The real problem isn't vulnerability volume — it's prioritization. Most teams are drowning in vulnerability data — thousands of CVEs, endless alerts, constant noise. That's not the problem worth solving. What you actually want is a ranked list of exploitable paths to production, prioritized by runtime reachability, architectural context, and business impact. Not raw CVSS scores. That's the conversation that belongs in your engineering all-hands, not buried in a security backlog.

Vulnerability triage doesn't scale as a manual process. I saw this play out on my own team. We had two high-severity vulnerabilities flagged by Snyk — both valid, both looked urgent.

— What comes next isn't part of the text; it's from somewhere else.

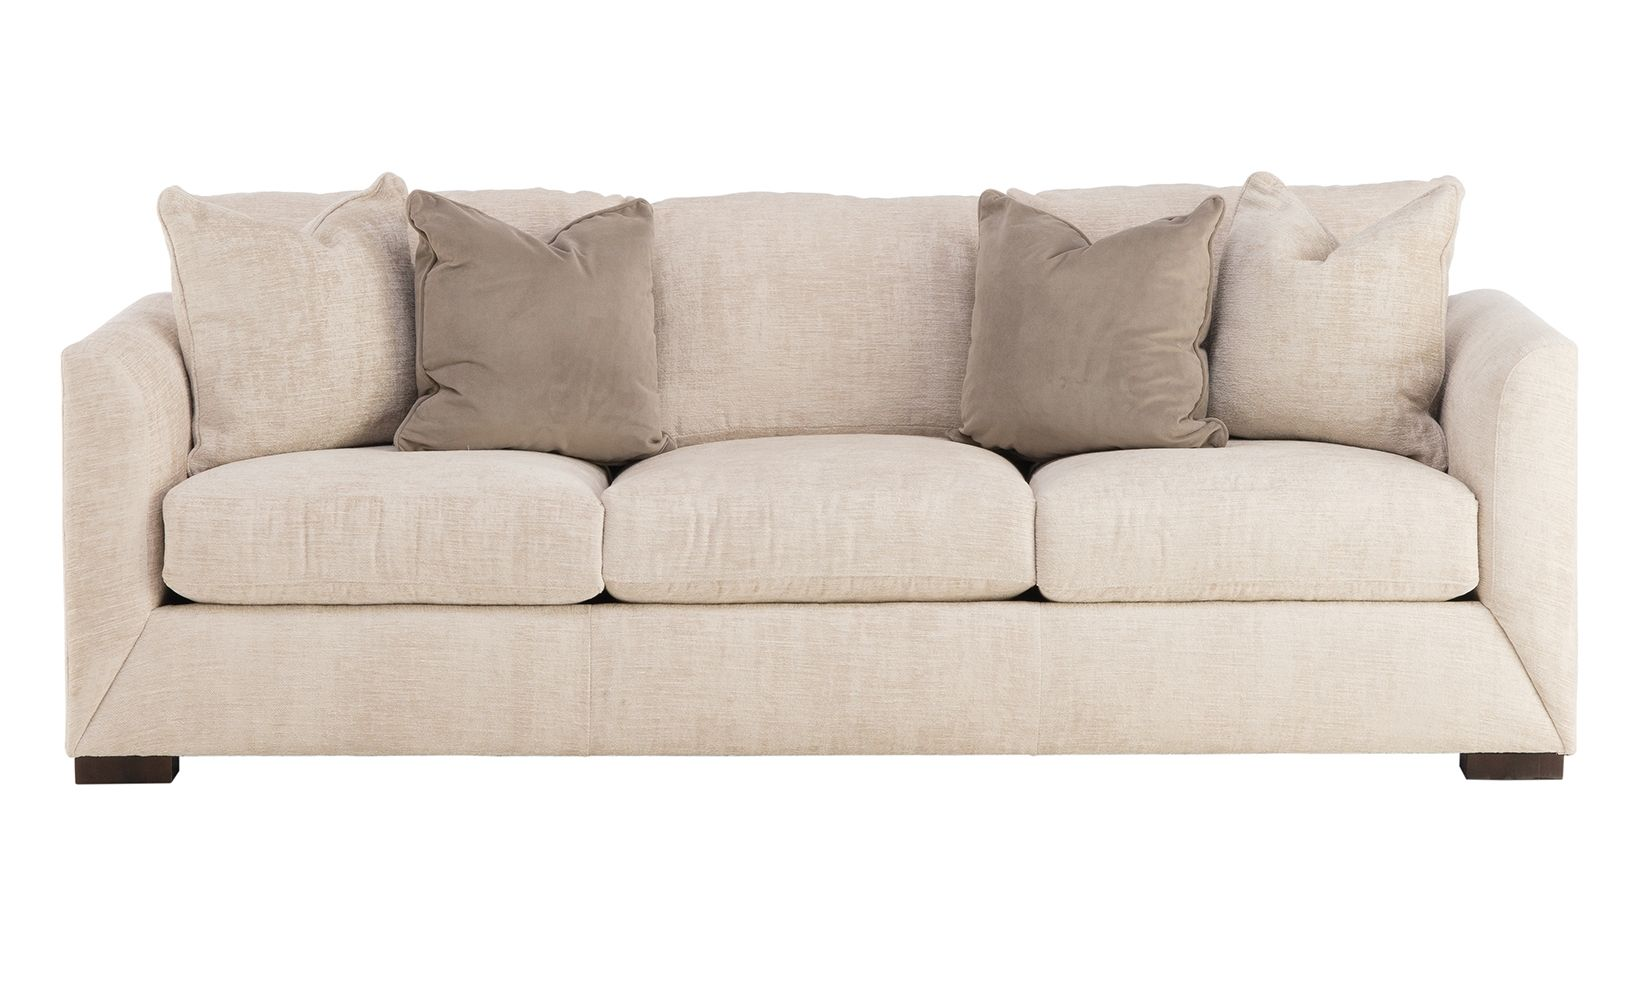 Dalton Ivory Sofa Sofa Love Seat Mid Century Design

In the old model, that means a senior engineer spending significant time tracing through the code, understanding reachability, and determining whether there's an actual exploit path. That kind of triage is hard. And it doesn't scale.

Instead, we ran both through an AI assistant. Tools like Claude and Codex are increasingly capable of reasoning about vulnerabilities in context — not just detecting them, but analyzing how they could actually be exploited in your specific system. One had a real, exploitable path through our architecture. The other was technically valid but practically unreachable in our codebase. Same Snyk signal. Completely different risk.

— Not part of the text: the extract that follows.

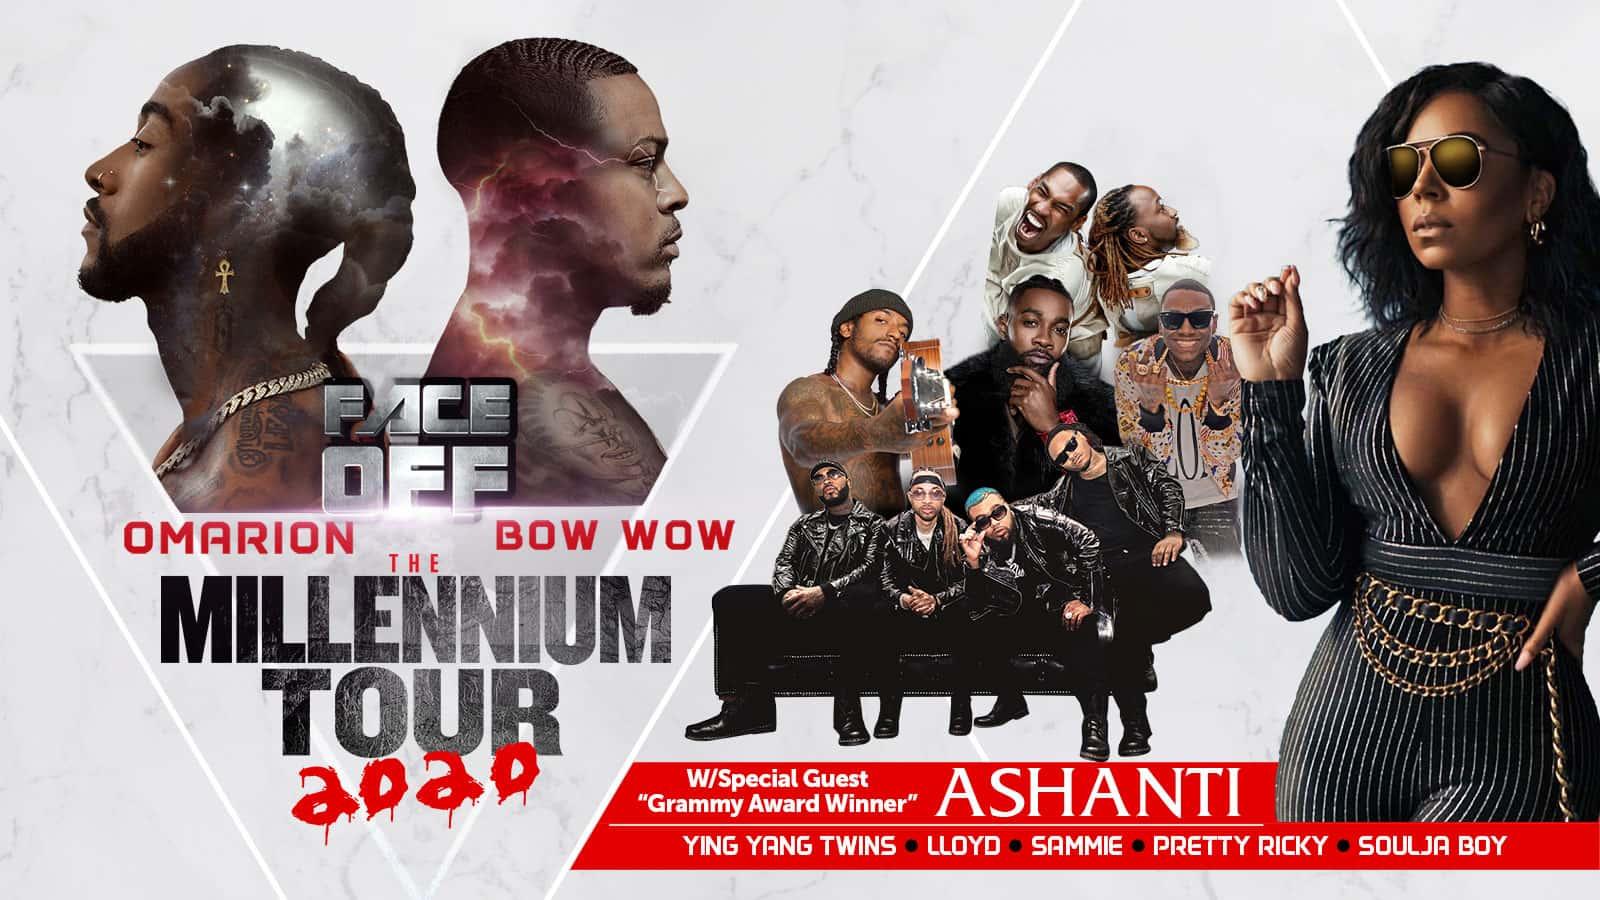 Millenium-Tour-Video-Formatted-1600-x-900-Ashanti-Added

That's the shift. It's no longer about finding vulnerabilities. It's about understanding which ones actually matter — and that changes how you allocate engineering attention, which is what vulnerability management is really about.

The next frontier in vulnerability management is AI-native security reasoning — not pattern-matching against known CVEs, but actually reading and understanding your code the way a human security researcher would: tracing data flows, understanding how components interact, and catching complex vulnerabilities that rule-based tools miss entirely. Two of the biggest AI labs shipped their version of this within weeks of each other. Anthropic launched Claude Code Security in February 2026. OpenAI followed with Codex Security two weeks later. Same idea, same direction. When two frontier AI labs independently ship competing versions of the same tool within a fortnight, that's not a trend. That's a transition. We wanted to go further with Claude Code Security on our own codebase, but access is currently limited to a research preview. We've joined the waitlist. If this is a priority for your team, you should too.

AI Security Is Now an Architectural Problem

Project Glasswing marks the point where AI security becomes an architectural concern, not a tooling one.

When models can autonomously discover zero-day vulnerabilities across operating systems, open-source software, and enterprise infrastructure, the problem shifts from detection to response. Most organizations are still optimized for the old model.

Closing that gap requires more than better scanning. It requires rethinking vulnerability management as a continuous, AI-assisted engineering discipline — one that operates at the speed of the threat.

That’s the real implication of Project Glasswing.

Attackers won’t wait for your backlog. Your architecture shouldn’t either.